Web pranks reveal ‘new’ dirty side of politics

April 13, 2011

The internet has brought us many wonderful things. Cheap music. Scantily-clad women. Free electronic mail delivered by tiny elves.

But one of its greatest gifts may be what it reveals about our politicians, although not always in ways they’d hope. Once there was a time when we had to form our opinions of candidates based on scripted public appearances, news stories, or – heaven forbid – their platforms.

Anyone in politics today knows the web can be an incredibly powerful thing, a low-cost way to mobilize masses without expensive TV ads, radio spots and lawn signs. But when web campaigning brings out politicians’ worst partisan instincts, it can also backfire.

In the reveal-everything world of the internet, our politicians often come across as far more paranoid and desperate (and even a little childish) than we ever thought they were.

Where else would you buy a website named after your rival just to keep him or her from having it? In an increasingly digital election campaign, it’s one of the oldest tricks in the book.

In this federal election, the former chief of staff and executive assistant for Kitchener-Conestoga Conservative MP Harold Albrecht did one better. Jeff Chatterton bought the domain names of Albrecht’s Liberal rival and linked them to a political smear website.

Chatterton, now a volunteer on Albrecht’s campaign, bought the domain names Bobrosehart.ca and bobrosehart.com in February before Bob Rosehart was named the Liberal candidate in Kitchener-Conestoga.

Until he took them down at the request of his former boss on the weekend, both websites automatically linked to www.ignatieff.me, an anti-Michael Ignatieff page created by the Conservatives. The thinking goes, I suppose, that someone looking to learn more about Rosehart would be shocked by the clearly unbiased information on Ignatieff and vote Conservative.

It’s a trick Chatterton, who owns public relations firm Checkmate Public Affairs, has employed before. In September 2009, he registered the website www.teresahuegle.com, according to online records. Teresa Huegle was the riding’s Liberal candidate at the time.

The Liberals’ say they’re outraged over the fake websites – something Chatterton called “hypocrisy.” Tory candidates’ website names have been bought up by their rivals, too, he said.

True enough. The Ontario Liberal Party first registered www.mikeharris.com in 1998, around the same time the Progressive Conservatives bought the rights to www.daltonmcguinty.com, according to Christine McMillan, the Liberal party’s vice president of communications.

In politics today, if you don’t own the website rights to your rival’s name, apparently you’re not working hard enough.

This isn’t just a Liberal-Tory thing, either. No party seems to be above these childish games.

Grant Fraser, who ran as a Green Party candidate in the Kamloops-Thompson-Cariboo riding, in 2004, admitted last week that he hijacked the website domain names of Liberal Murray Todd and Christian Heritage Party candidate Chris Kempling.

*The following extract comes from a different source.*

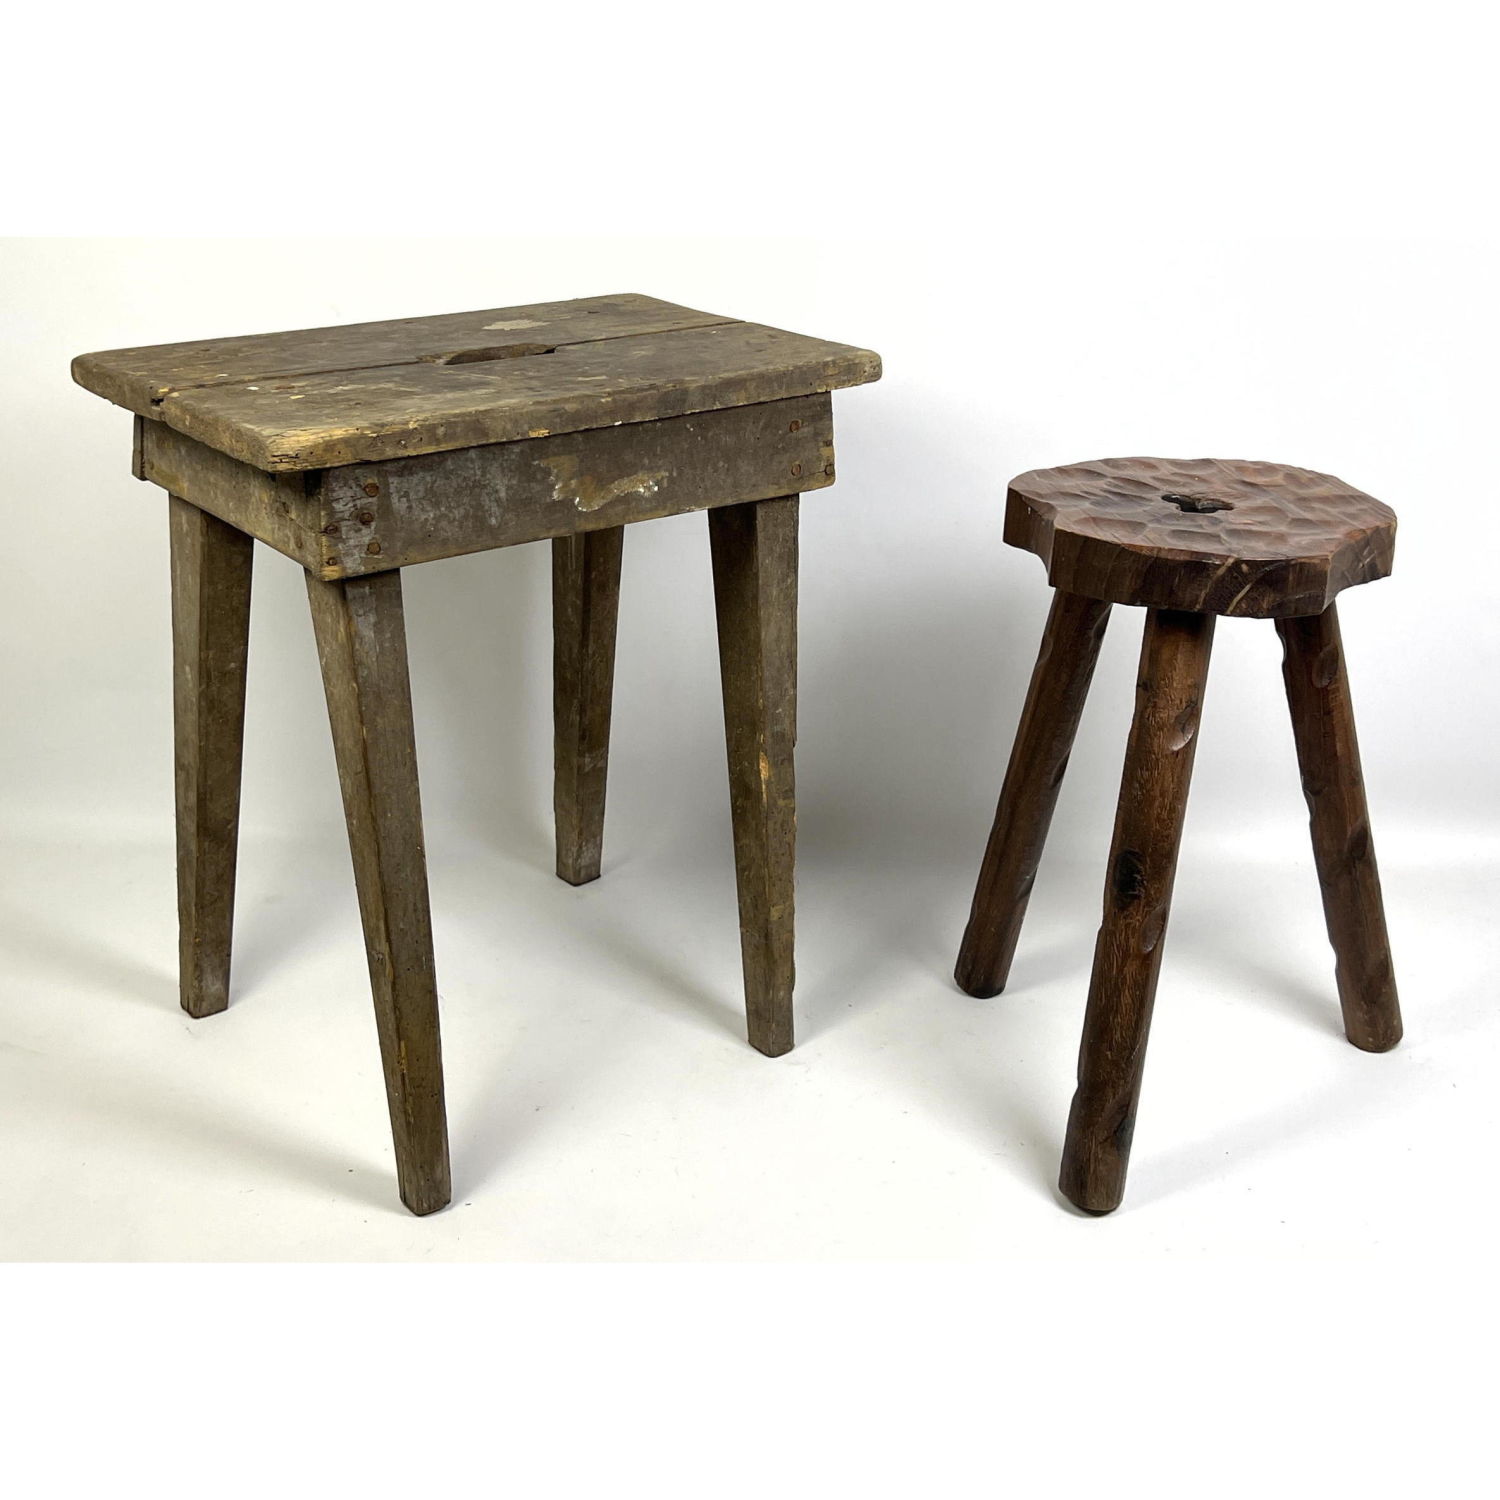 2pcs French Rustic Stools 

Dimensions:

Fraser, who now works as a financial agent with the Greens, says he did it because the NDP candidate during the 2008 federal election, Mike Crawford, pulled the same prank on him. He set it up so that when anyone tried to access murraytodd.ca or chriskempling.ca, they were sent to Crawford’s old campaign site instead.

Fake websites are one thing. But then there’s the plain, old-fashioned online screw-ups, which are even harder to erase.

This week, Kitchener Centre Conservative MP Stephen Woodworth – a politician in a fight to keep his seat from former Liberal MP Karen Redman – dropped his Twitter account after a lapse in judgment Saturday night. He tweeted a joke about disabled people:

“Cop says to falling down man outside tavern ‘You’re drunk’ Man replies ‘Thank goodness’ Cop asks ‘Why?’ Drunk: ‘I thought I was crippled!’” he gleefully tweeted.

For his rival candidates, it was like a present dropped out of the sky. They pounced on the insensitive tweet, trying to make political hay. Woodworth, meanwhile, apologized but seemed baffled by the outrage.

The MP forgot the cardinal rule the Internet: you can’t hide anything anymore. For the rest of us, it’s a reminder that when it comes to the politicians using the web, we may be learning more about them than we really want to know.